Introducing Dia: A New Open Source Text-to-Speech Model Taking on Industry Leaders

Nari Labs Introduces Dia: An Innovative Text-to-Speech Model
Overview of Dia
Nari Labs, a two-person startup, has launched Dia, a text-to-speech (TTS) model featuring 1.6 billion parameters. This powerful model is designed to generate realistic dialogue from text prompts. According to one of its creators, Toby Kim, Dia exceeds the quality of established competitors like ElevenLabs and Google’s NotebookLM AI podcast feature.
The Background of Dia
The journey of Dia began out of a desire for better control over TTS outputs. Kim noted in various social media posts that both he and his collaborator were not originally experts in AI. Their exploration in the field started when they were impressed by the capabilities of NotebookLM’s podcast feature. After testing every TTS API available, they decided to develop their own model due to dissatisfaction with the realism of existing offerings.
Kim credited Google for providing access to Tensor Processing Units (TPUs) which helped them in training Dia via Google’s Research Cloud. The model’s code, along with its internal connections (known as weights), is freely accessible for download from platforms like Hugging Face and GitHub. Users can even experiment with Dia by generating speech on a Hugging Face Space.
Key Features of Dia
Customization and Control
Dia goes beyond traditional TTS capabilities with advanced features that enhance user experience:
- Emotional Tone: Ability to convey different emotional undertones in dialogue.
- Speaker Tagging: Users can label different speakers using tags like [S1] and [S2].
- Nonverbal Cues: Allows inclusion of nonverbal expressions (e.g., (laughs), (coughs)) directly from text, which Dia interprets accurately to create more engaging dialogues.
Currently, Dia supports only the English language and can generate varied voices unless specified otherwise through a generation seed or an audio clip for audio conditioning. This feature provides users with greater flexibility in shaping the voice tone and likeness.
Competitive Analysis: Dia Versus ElevenLabs and Sesame
Nari Labs has shared various audio examples that compare Dia to competitors such as ElevenLabs Studio and Sesame, a recent offering from Oculus VR co-creator Brendan Iribe. These comparisons reveal that:
- Natural Dialogue: Dia manages to deliver better timing and incorporates nonverbal expressions effectively. For instance, when a script includes a laugh, Dia produces natural laughter rather than a text substitute like "haha."
- Emotional Range: In multi-turn conversations featuring emotional content, Dia smoothly transitions in tone better than its rivals, especially in high-intensity scenarios.
- Handling Nonverbal Scripts: Dia can adeptly process scripts that consist solely of nonverbal cues, something its competitors often overlook.
Through testing, it became clear that Dia excels even with rhythmically complex content, such as rap lyrics, delivering fluid and engaging speech that retains the intended tempo.
Accessing and Using Dia
Developers interested in working with Dia can find it on Nari Labs’ GitHub and Hugging Face pages. The model operates on PyTorch 2.0+ and CUDA 12.6, requiring approximately 10GB of VRAM to function optimally. On robust GPUs such as the NVIDIA A4000, it can achieve around 40 tokens per second during inference.
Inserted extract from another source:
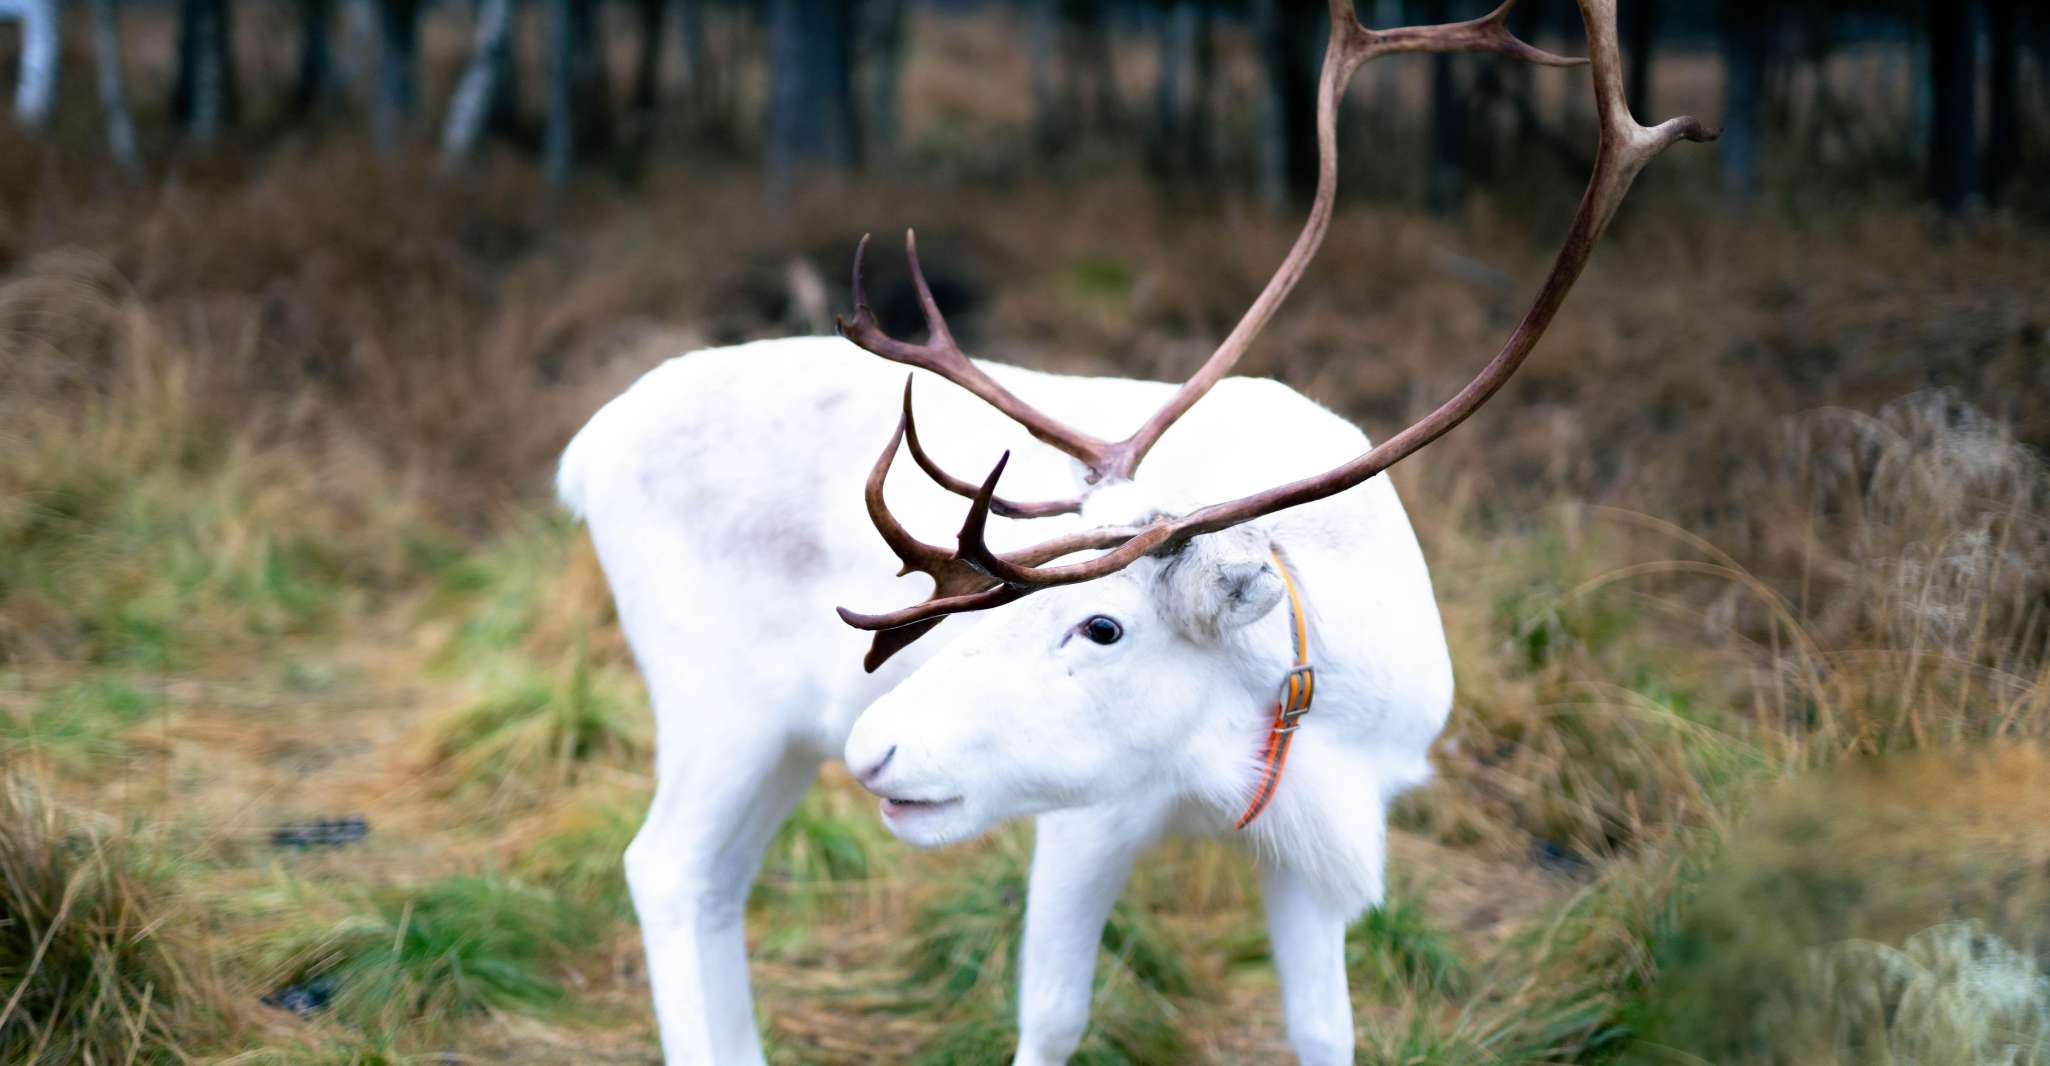 Helsinki reindeer farm visit with photos - Housity

Although currently GPU-dependent, future plans include launching versions that can run on CPUs and quantized versions to improve accessibility. Nari Labs provides both a Python library and a command-line interface (CLI) tool to facilitate easier deployment.
Open Source Commitment
Dia is fully released under an Apache 2.0 license, allowing commercial use. However, Nari Labs has outlined specific restrictions against unethical applications, such as impersonation or misinformation. The creators advocate for responsible experimentation, demonstrating a strong commitment to ethical practices in AI development.
The development of Dia was supported by Google’s TPU Research Cloud and contributions from platforms like Hugging Face. Nari Labs operates with a small team but actively invites community collaboration via Discord and GitHub.
With Dia, Nari Labs aims to provide a more human-like interaction in TTS, expanding possibilities in fields ranging from content creation to assistive technologies and beyond.